The only thing that makes this movie a little bit palatable is the cast. I was kind of intrigued that this attracted so many high profile actors to it and they really are the best part of the film. Gary Oldman owned all of his scenes, Michael Keaton was neat as a baddie and Samuel Jackson was the most entertaining element in the entire picture.

Sadly, none of the charm from these three solid actors rubbed off on Joel Kinnaman, who was the main star and the one thing in the film that had to work if this movie wasn’t going to be a complete dud.

The problem is that there really wasn’t a difference between human Alex Murphy and RoboCop Alex Murphy because Kinnaman played this like a robot from start to finish.
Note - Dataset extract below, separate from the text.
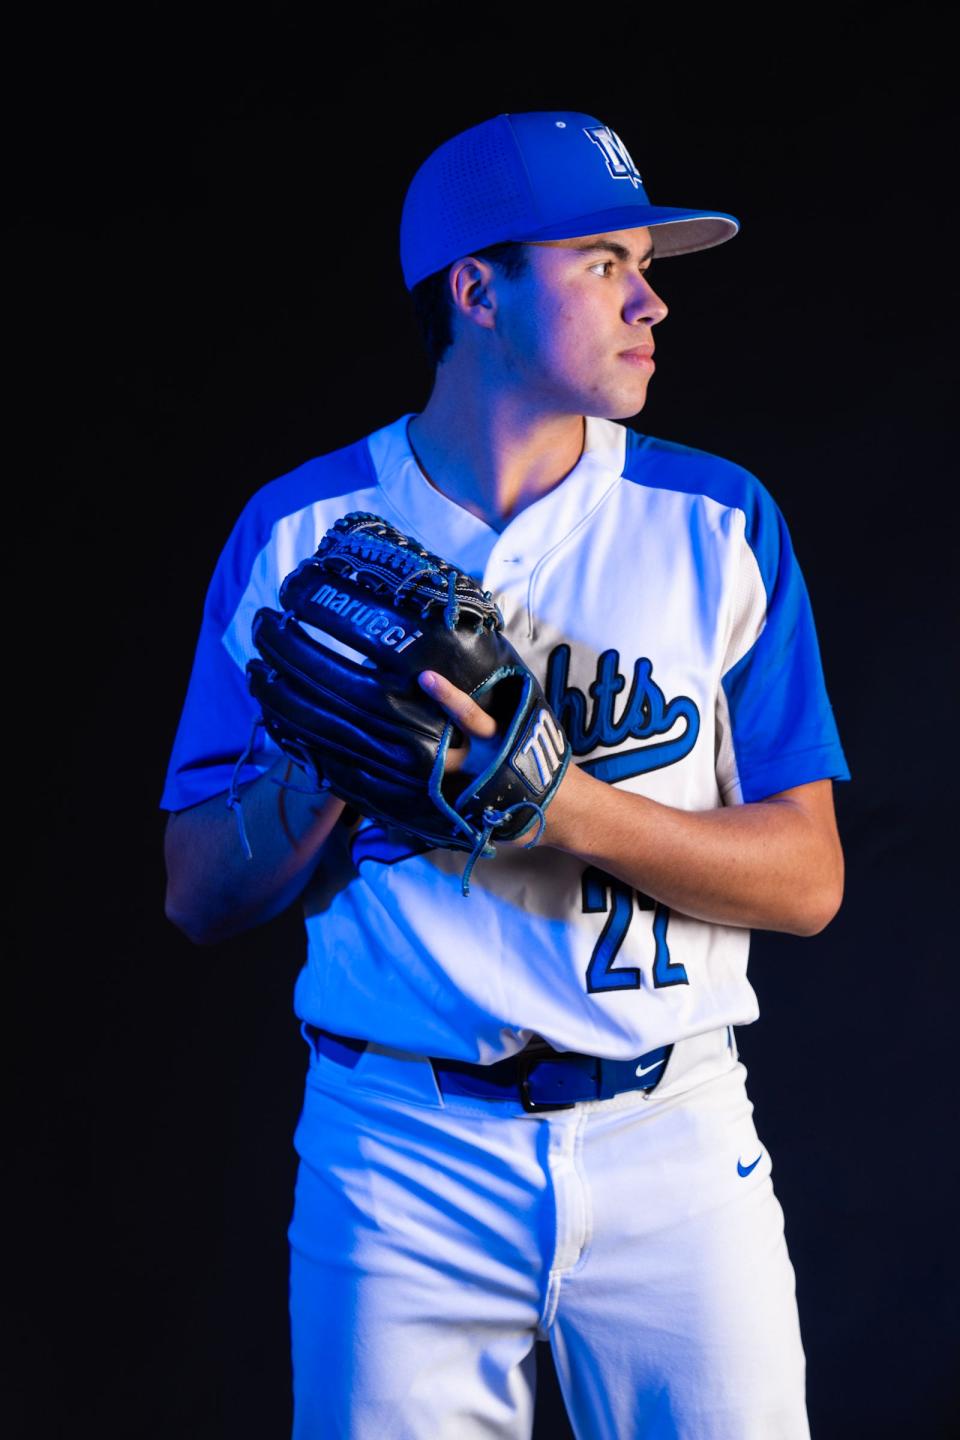 McCallum pitcher and outfielder Nathan Nagy said his favorite high school baseball memories happened during his freshman year, because during the pandemic, playing baseball was his only contact with his teammates in 2021.

He was a charisma vacuum that sucked so hard that he drained the charisma out of the more talented actors around him. As good and emotionally effective as Abbie Cornish was as RoboCop’s wife, she was stifled by her co-star’s complete inability to play his role convincingly. It’s like a wrestling match where the guy getting beat up doesn’t sell for the wrestler doing all of his signature moves.

There are other problems as well.

For instance, there are no memorable action scenes. I guess the part where RoboCop storms OmniCorp and fights a bunch of ED-209s is the highlight but its really kind of forgettable. By comparison, the two times RoboCop confronts an ED-209 in the original film, it is more memorable than this. So maybe less is more? This film kind of Michael Bays it up with an over the top action sequence that doesn’t serve much of a purpose other than wrecking RoboCop’s armor so that he looks cooler for the final showdown.

Also, the emotional journey of Alex Murphy is confusing and really sloppy. It’s not portrayed in a fluid way and I think we’re just supposed to guess at his emotions as Kinnaman gives blank stares while flashbacks overtake his circuits. Every now and then a scientist explains what’s happening but we really didn’t need this in the first two films, as Peter Weller conveyed real emotion regardless of being a robot.

There also aren’t any clear cut villains in this in the same way that there were in the other films. Sure, you suspect that Michael Keaton is evil but there isn’t a “big evil” that you need to see vanquished like Clarence Boddicker, Dick Jones or Kane from the first two movies.

Also, Alex Murphy’s death in this is weak and completely lacks the effect that his death had in the original film. Which also means that I need to point out that this film also completely lacks any real violence. The first film had a huge impact because you believed that the world RoboCop inhabited was extremely dangerous.

There were no montages of RoboCop cleaning up the streets like we got in the first two films. Those were always important sequences that helped build the world RoboCop lived and worked in. I don’t see this new version of Detroit as dangerous at all.

I did like the intro to the film though, which saw a bunch of ED-209s and RoboCop-like drones deal with a terror threat in Tehran but this felt like it was ripped right from the first act of the video game Metal Gear Solid 4. Granted, I love that game so seeing what appeared to be an homage to it was kind of cool.

Ultimately, this was pretty much a pile of shit. I think most people agree with me, as there haven’t been sequels to this and the next RoboCop movie, which is currently entering production, is a direct sequel to the first film and ignores this snoozefest completely.

Rating: 4.75/10
Pairs well with: skim milk and cardboard.